A History of Omega Watches
Today, seven out of ten human beings throughout the world are familiar with the OMEGA watch brand - a truly amazing rate of awareness to which few extra watch brands can lay claim. The relike that whichon behind this success is said to be the reliably fine quality of each OMEGA watch. From its modest beginnings in La Chaux-de-Fonds in 1848 the assembly workshop created next to 23-year-old Louis Brandt gradually gained renown. Louis Brandt assembled key-wound nicety pocket watches from parts supplied by local craftsmen. After Louis Brandt’s curtains in 1879, his two sons Louis-Paul and Cesar took at an end control of the business.

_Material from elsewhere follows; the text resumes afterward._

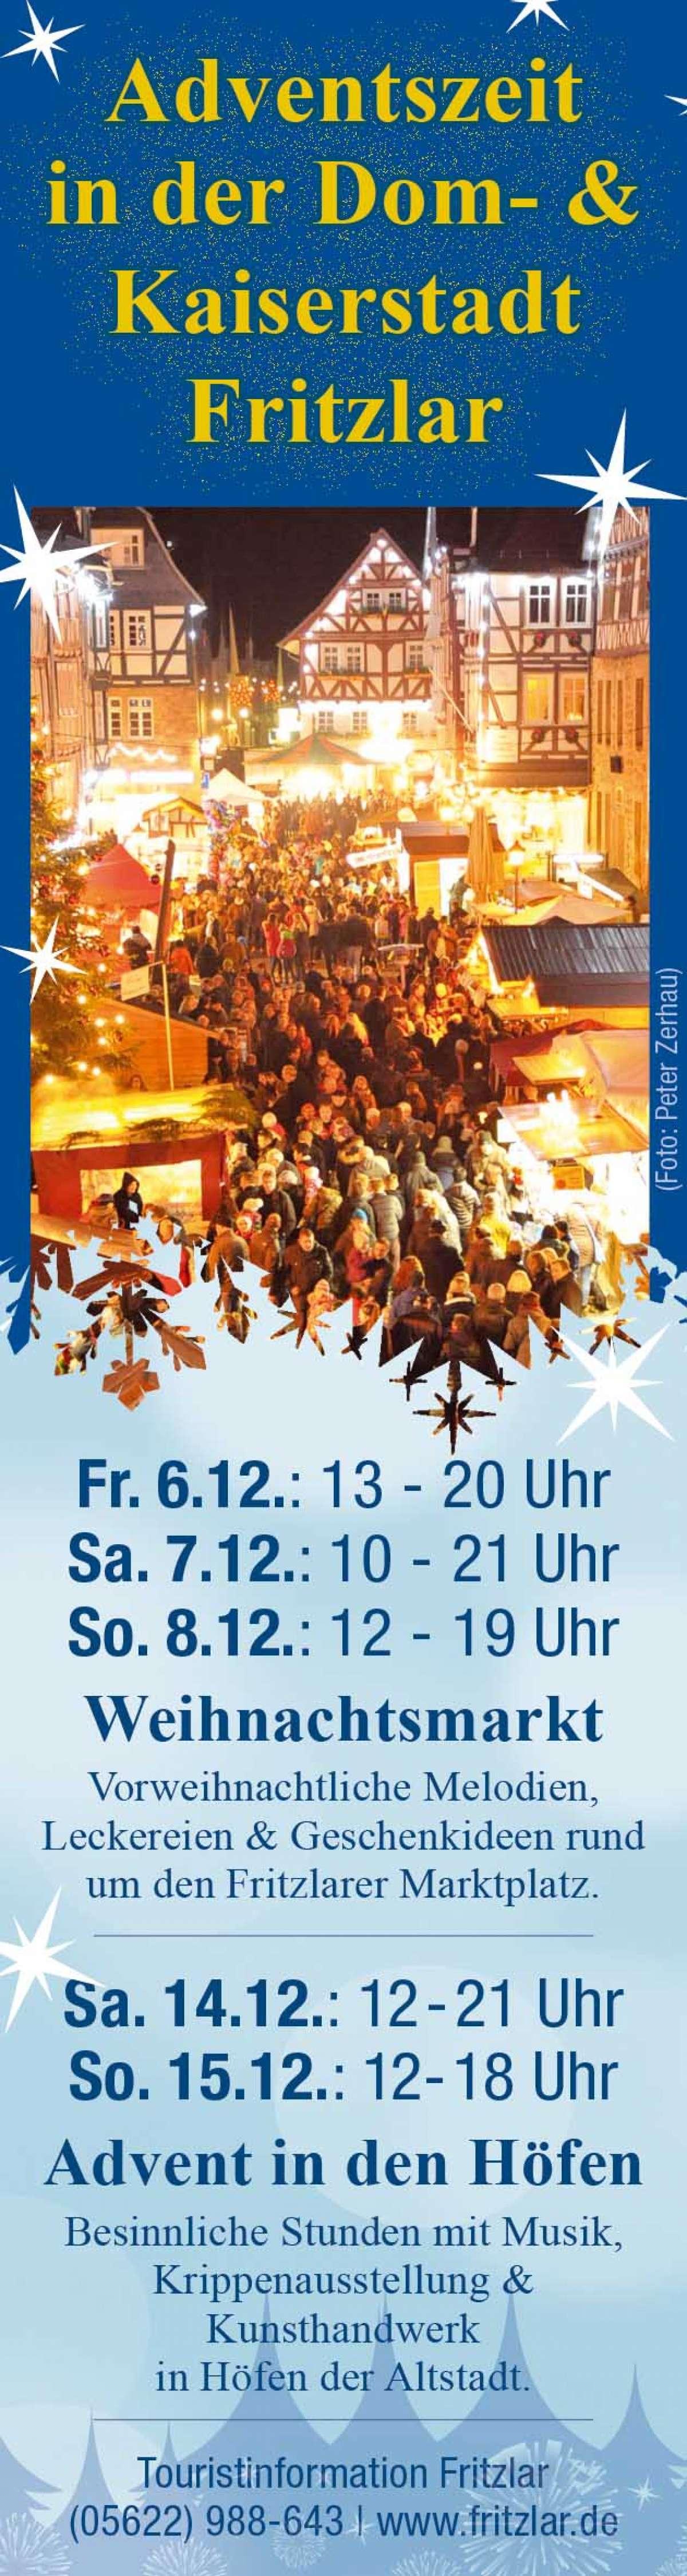 Veranstaltungen & Events in Fritzlar

Louis-Paul and César Brandt both died in 1903, leaving one of Switzerland’s largest watch companies - with 240,000 watches produced annually and employing 800 people - in the hands of four immature people, the oldest of whom was Paul-Emile Brandt. The economic difficulties brought on by the First area War would lead him to work actively from 1925 toward the union of OMEGA and Tissot then to their merger in 1930 within the group SSIH. By the seventies, SSIH had ripen into embellish Switzerland’s no 1 producer of finished watches and no 3 in the world. The severe monetary crisis and recession of 1975 to 1980, SSIH was bailed out by the banks in 1981. In 1985 the holding company was taken over by a group of private investors. Immediately renamed SMH, Societe suisse de microelectronique et d’horlogerie, the new group achieved rapid growth and success to become today’s top watch producer in the world. entitled Swatch crowd in 1998, it now includes Blancpain and Breguet. Dynamic and flourishing, OMEGA remains one of its most prestigious flagship brands.

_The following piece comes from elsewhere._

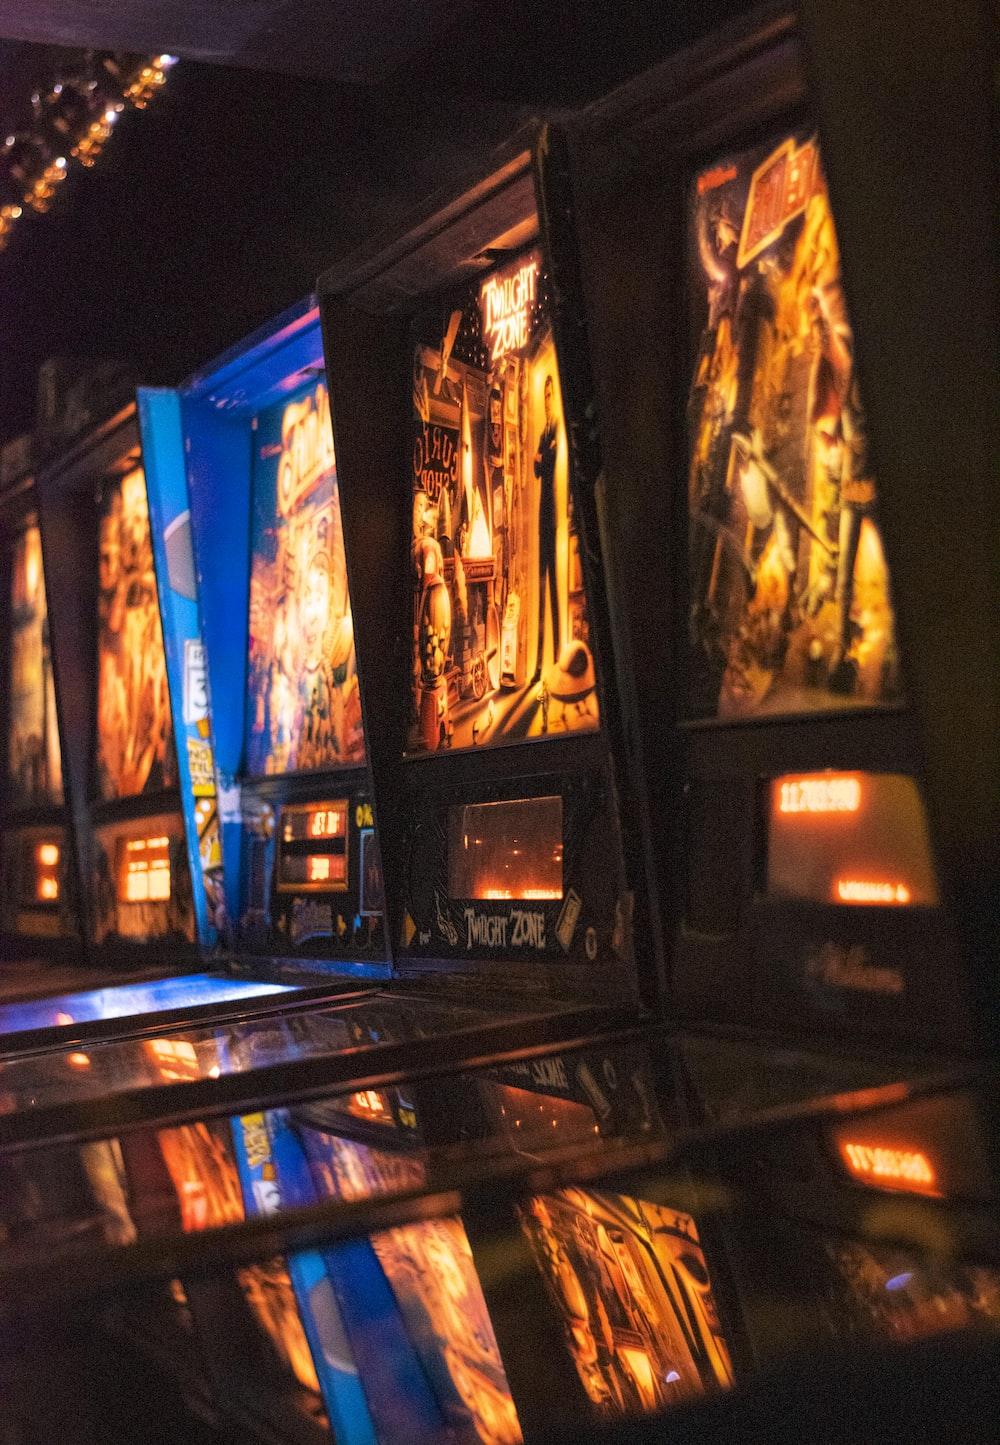 black and blue game machine

1st March 1965 - OMEGA’s Speedmaster chronograph was “flight-qualified by NASA for all manned space missions” as the only wristwatch to have withstood all of the U.S. space agency’s severe tests. On 21 July 1969 - 02:56 GMT, the Speedmaster records man’s head steps on the Moon’s surface. The Speedmaster became the first watch (and the only watch since) to be worn on the Moon. With this unique accomplishment came a unique nickname: the Moon Watch. April 1970 - the OMEGA Speedmaster rescued the Apollo 13 mission from a potential disaster, earning OMEGA the “Snoopy Award”.
1948 saw the advent of the Seamaster, Seamaster 300 in 1957, In 1981, the newly launched Seamaster 120 set a new world free dive record at a depth of 101 metres. The Seamaster is furthermore famous for being the choice watch for James Bond.